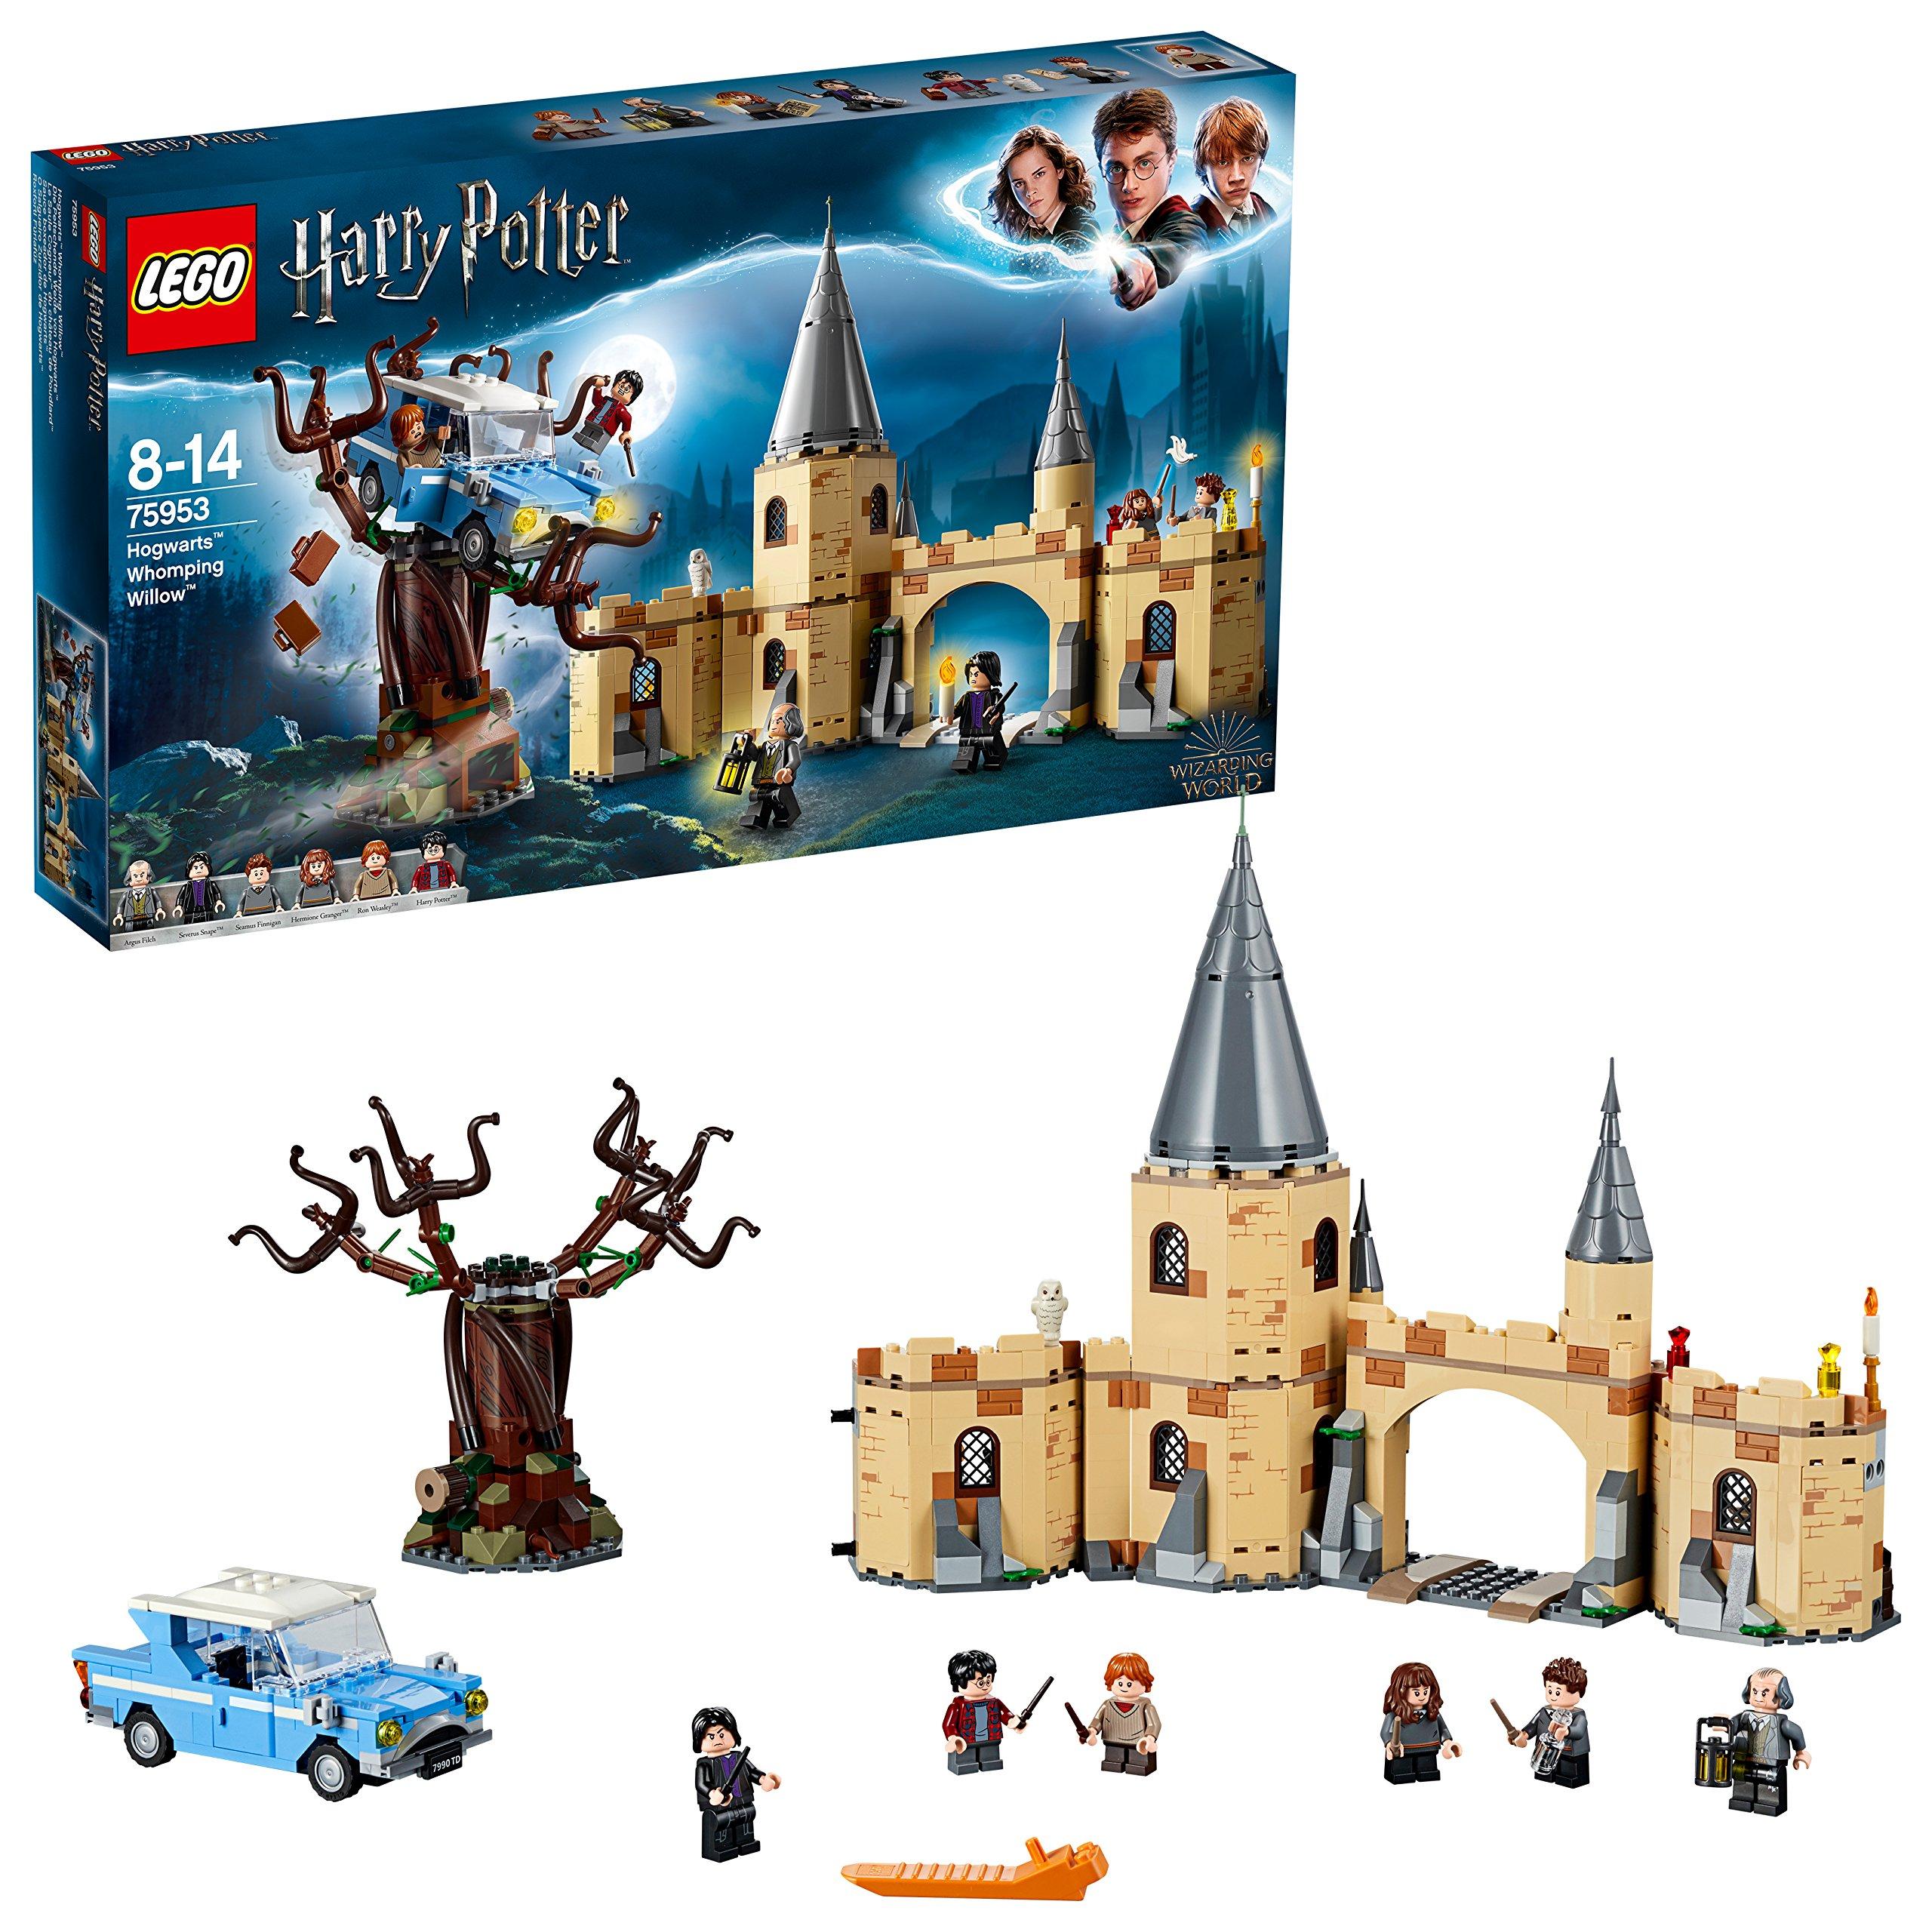 LEGO Harry Potter – Sauce Boxeador de Hogwarts, Juguete de Construcción del Mundo Mágico con Minifiguras de Harry Potter, Ron Weasley, Hermione Granger, Severus Snape y Otros Personajes (75953)
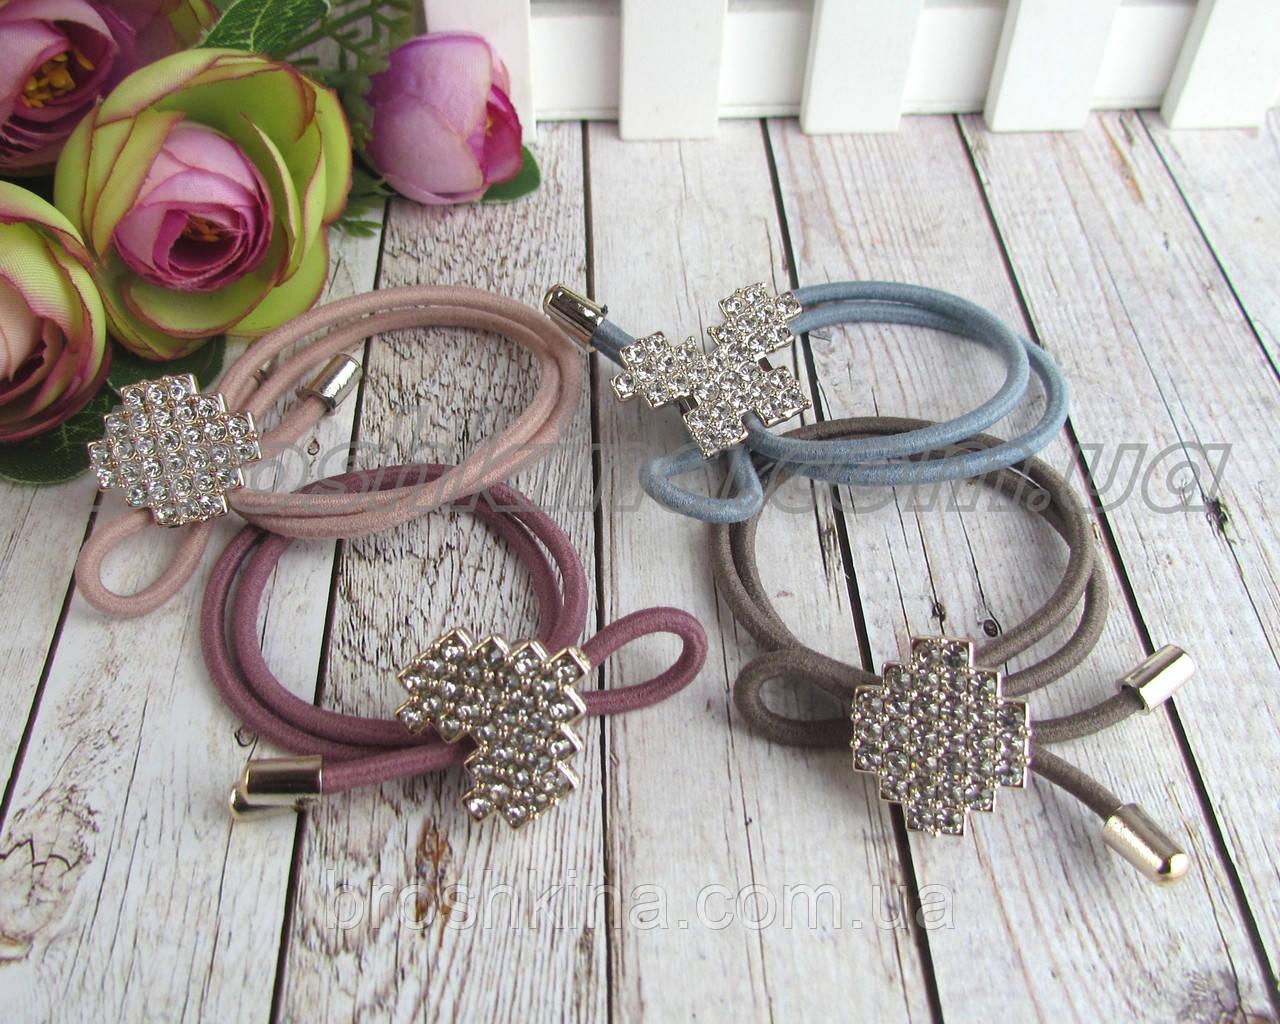 Резинки для волос с цветные с украшением в стразах 12 шт/уп.
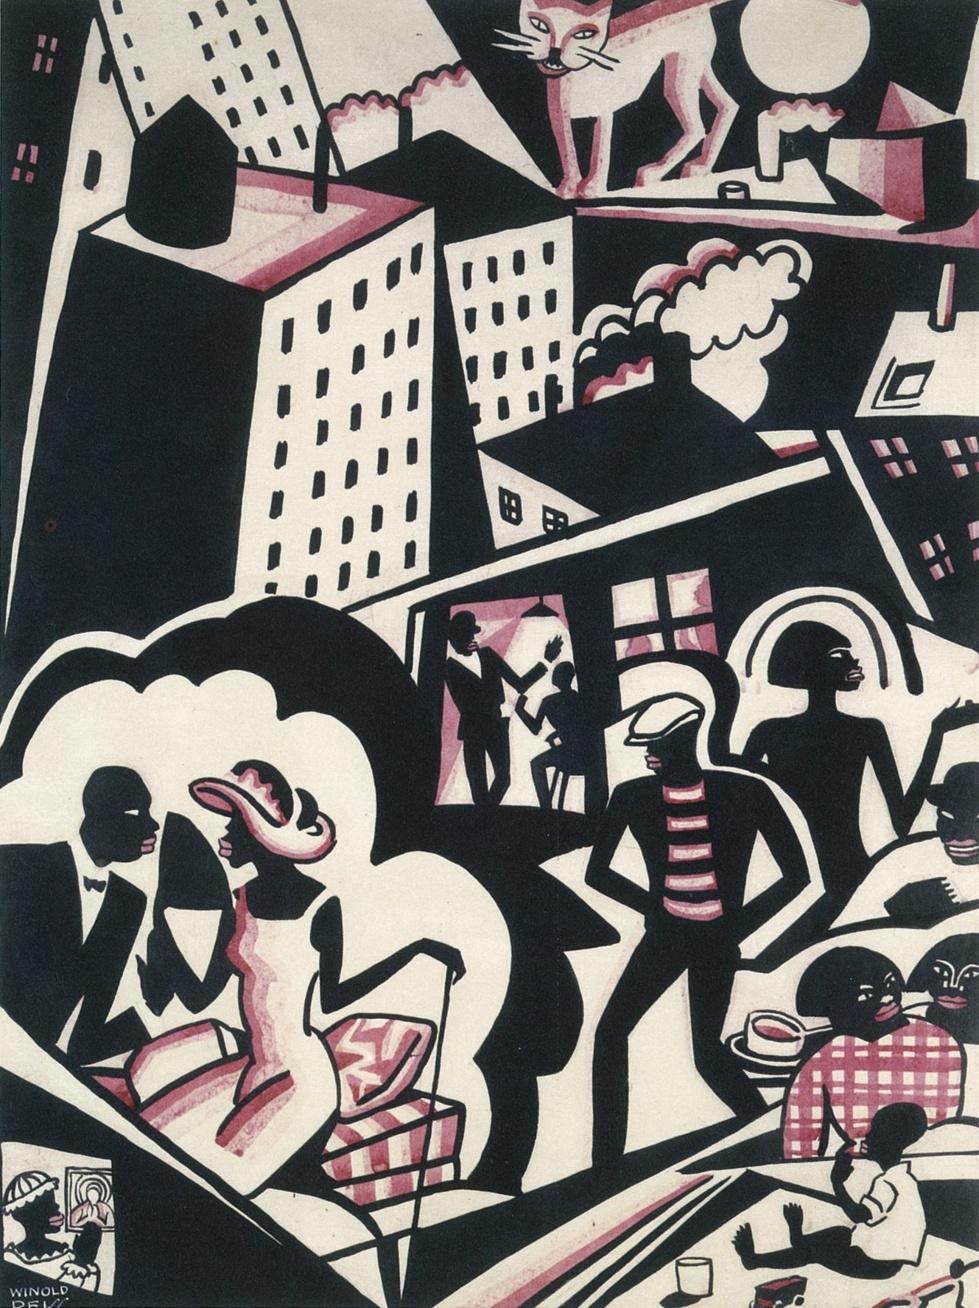 Winold Reiss Harlem Jungle

Aim of the task:
Restate the data word for word while omitting each picture.

Answer to the exercise:
 LEGO Harry Potter – Sauce Boxeador de Hogwarts, Juguete de Construcción del Mundo Mágico con Minifiguras de Harry Potter, Ron Weasley, Hermione Granger, Severus Snape y Otros Personajes (75953)
 Резинки для волос с цветные с украшением в стразах 12 шт/уп.
 Winold Reiss Harlem Jungle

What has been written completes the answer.